For example, $0.2\cdot2^{x/2}+0.5\cdot2^{x/5}\leq C$.
In this case, the I want to find the variable $x$ to satisfy inequality constant $C$. Because the $2^{x/2}$ and $2^{x/5}$ have different denominator, so I can't not find the maximum value x which satisfy the constraint.
Any body help me? If anyone know the approximation form, please tell me. Actually, I need a upper bound of this form equation. $A\cdot 2^{x/B}+C\cdot 2^{x/D}$ where, $A,B,C,D$ is constant and positive value.
Using arithmetic-geometric inequality, I can find the lower bound of this form. However, I can not find the upper bound form.

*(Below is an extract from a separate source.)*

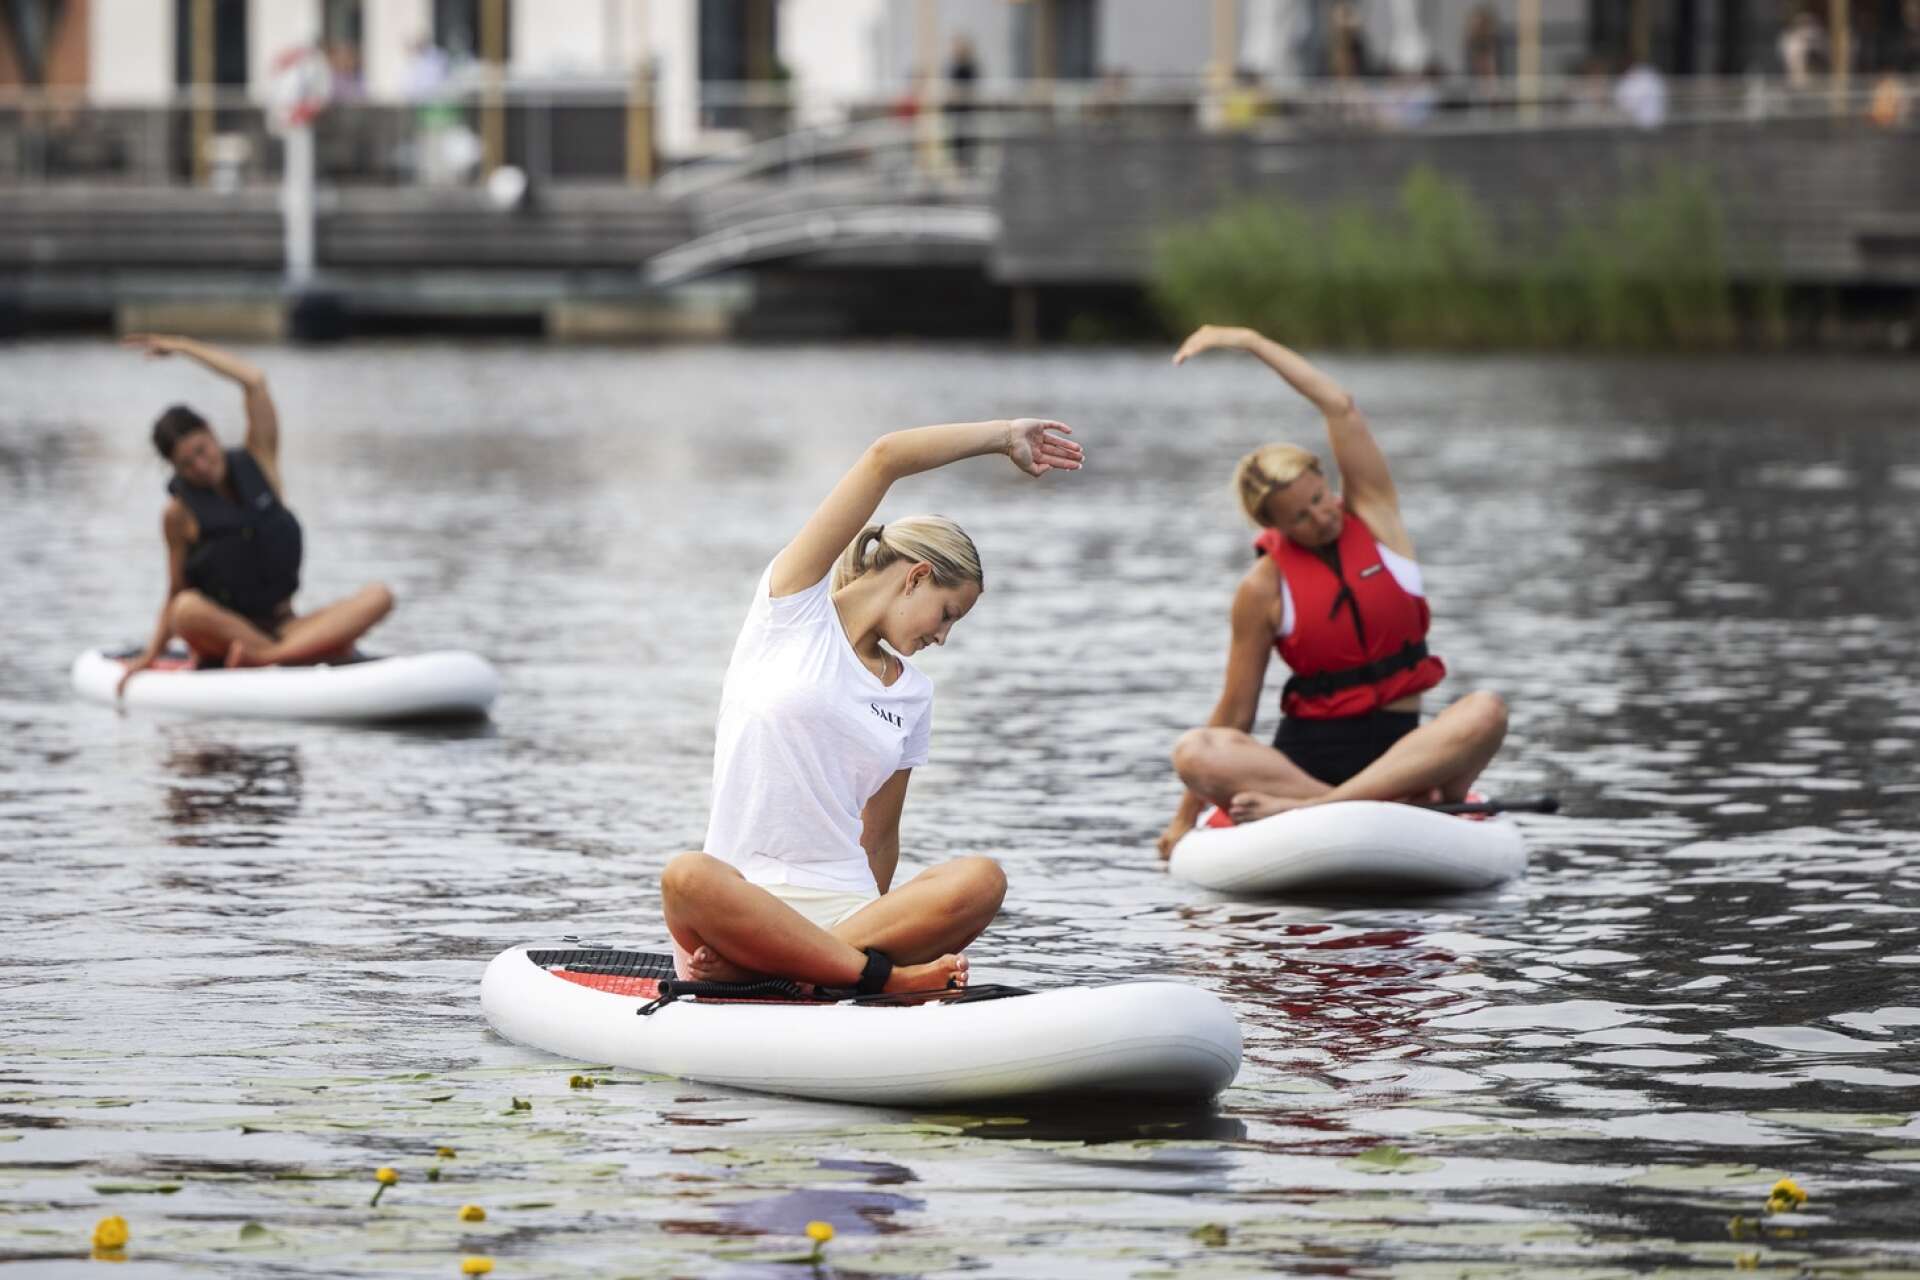 Från vänster: Maria Eriksson, Michelle Träff och Sara Olsson stretchar till vattnets rörelse.

I'm sorry, my english skill is bad.
The LHS is a strictly increasing function in $x\,$, so the inequality will hold up to some value of $x$ where it becomes an equality, which value is the (unique) root of $0.2\cdot2^{x/2}+0.5\cdot2^{x/5} = C\,$.
Let $u=2^{x/10}$ then the latter equation becomes $0.2 \cdot u^5 + 0.5 \cdot u^2 - C = 0\,$. This is a quintic, which cannot be solved by radicals (in general), so you'll probably want to solve it numerically for $u\,$ then calculate $\,x = 10\,\log_{2} u\,$. (Or maybe solve the original equation numerically, directly.)
This is a very different question from the previous one, and the answer is negative: there exists no such upper bound, since $\,\lim_{x \to \infty} A\cdot 2^{x/B}+C\cdot 2^{x/D} = \infty\,$ when all constants are positive.